Additionally, its compatibility with the MySQL syntax makes it more 
user-friendly.
+
+## Apache Doris-based logging system
+
+![Apache Doris-based logging 
system](/images/apache-doris-based-logging-system.png)
+
+The new logging system of MiniMax, called Mlogs, is more streamlined, with a 
single architecture serving all clusters. The upper layer acts as the control 
plane for the logging system, which consists of the encapsulation of log query 
interfaces and the module for automatic configuration generation and 
distribution. The lower layer represents the data plane of the logging system, 
containing the log collection agent, message queue, log writer, and the 
**Apache Doris** database.
+
+Logs generated by the cluster services are collected by iLogtail and pushed to 
Kafka. Part of these logs is pulled from Kafka by the Mlogs Ingester and 
written to the Doris cluster via the Stream Load method of Apache Doris. The 
rest is directly subscribed to in real-time by Doris via Routine Load, pulling 
the message stream from Kafka. **Ultimately, Apache Doris handles the storage 
and querying of all log data, eliminating the need for separate deployments for 
each cluster.**
+
+## Hands-on experience from MiniMax
+
+**Log ingestion**
+
+The new architecture utilizes both the Routine Load and Stream Load methods of 
Apache Doris. Routine Load is ready to use out of the box and can directly 
handle JSON logs without the need for additional parsing. For more complex logs 
that require filtering and processing, MiniMax has introduced a log writer 
called Mlogs Ingester between Kafka and Doris. The Mlogs Ingester parses and 
processes the logs before writing them to Doris via Stream Load.
+
+**Log search**
+
+For log searches, MiniMax utilizes the inverted indexes and full-text regular 
expression query capabilities of Apache Doris.
+
+- The inverted index of Apache Doris fits into a wide range of use cases and 
delivers high query performance. It's mainly used in `MATCH` and `MATCH_PHRASE` 
queries.
+
+- Full-text regular expression query (`REGEXP`) provides higher precision but 
lower performance than token-based queries. It is suitable for smaller-scale 
queries where precision is critical.
+
+**Performance improvement**
+
+MiniMax implements **query truncation** to further accelerate queries. Log 
data is arranged linearly in chronological order. If a query requests data of a 
large range, it can consume excessive computation, storage, and network 
resources and potentially lead to query timeouts or even system unavailability. 

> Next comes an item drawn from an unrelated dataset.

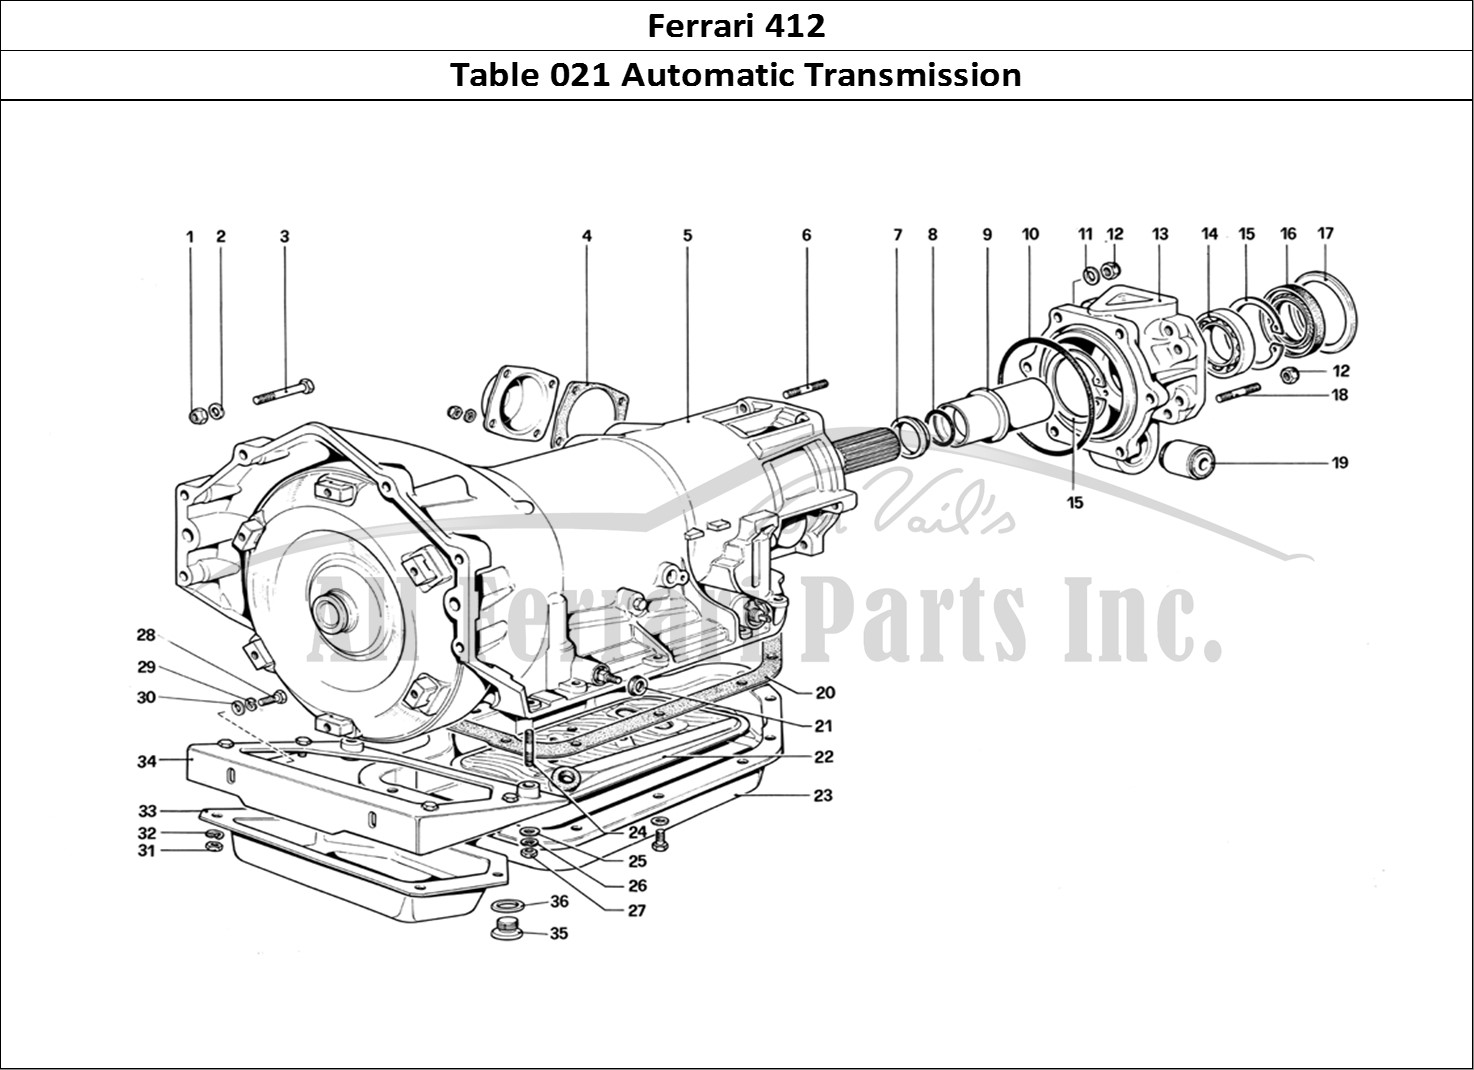 Ferrari Parts Ferrari 412 (Mechanical) Page 021 Automatic Transmission -

So they set and truncate the time range of the queries to prevent overly broad 
queries, and pre-calculate the data volume for all tables every 15 minutes to 
dynamically estimate the max [...]
+
+**Cost control**
+
+To cut down storage costs, MiniMax utilizes the **[tiered 
storage](https://doris.apache.org/docs/table-design/cold-hot-separation/)** 
capabilities of Apache Doris. They define data within the last 7 days as hot 
data and data older than 7 days as cold data. Data will be moved to object 
storage as soon as it turns cold. Furthermore, they archive object storage data 
that is over 30 days old and only restore the archived data when necessary.
+
+## Value to MiniMax
+
+Now, the Apache Doris-based logging system has been supporting all business 
line log data within MiniMax, serving a **PB-scale data size** with over 
**99.9% availability**. It has also brought the following values to MiniMax:
+
+- **Simplified architecture**: The new system is easier to deploy and allows a 
single framework to serve all clusters. This reduces maintenance and management 
complexity, thus saving operational manpower and costs.
+
+- **Fast query response**: The new system can respond to keyword searches and 
aggregation queries from 1 billion log records within 2 seconds. Most log 
queries can return results within seconds, too.
+
+- **High write performance**: With the current hardware setups, the system can 
deliver a log write throughput of 10 GB/s, while maintaining data latency 
within seconds.
+
+- **Low storage costs**: The data compression ratio reaches 5:1 and tiered 
storage further reduces storage costs by 70%.
+
+## What's next
+
+After a successful initial experience with Apache Doris, MiniMax proceeds with 
the next phase of its upgrade plan, which includes the following efforts:
+
+- **Log pre-processing**: introduce log sampling and structuring to improve 
data usability and storage efficiency.
+
+- **Tracing**: integrate the logging system with other observability systems 
(monitoring, alerting, tracing, etc.) to provide comprehensive operational 
insights.
+
+- **Lakehousing**: expand the use of Apache Doris include big data processing 
and analysis within MiniMax, laying the foundation for a data lakehouse.
+
+If you have any questions or require assistance regarding Apache Doris, join 
the 
[community](https://join.slack.com/t/apachedoriscommunity/shared_invite/zt-2gmq5o30h-455W226d79zP3L96ZhXIoQ).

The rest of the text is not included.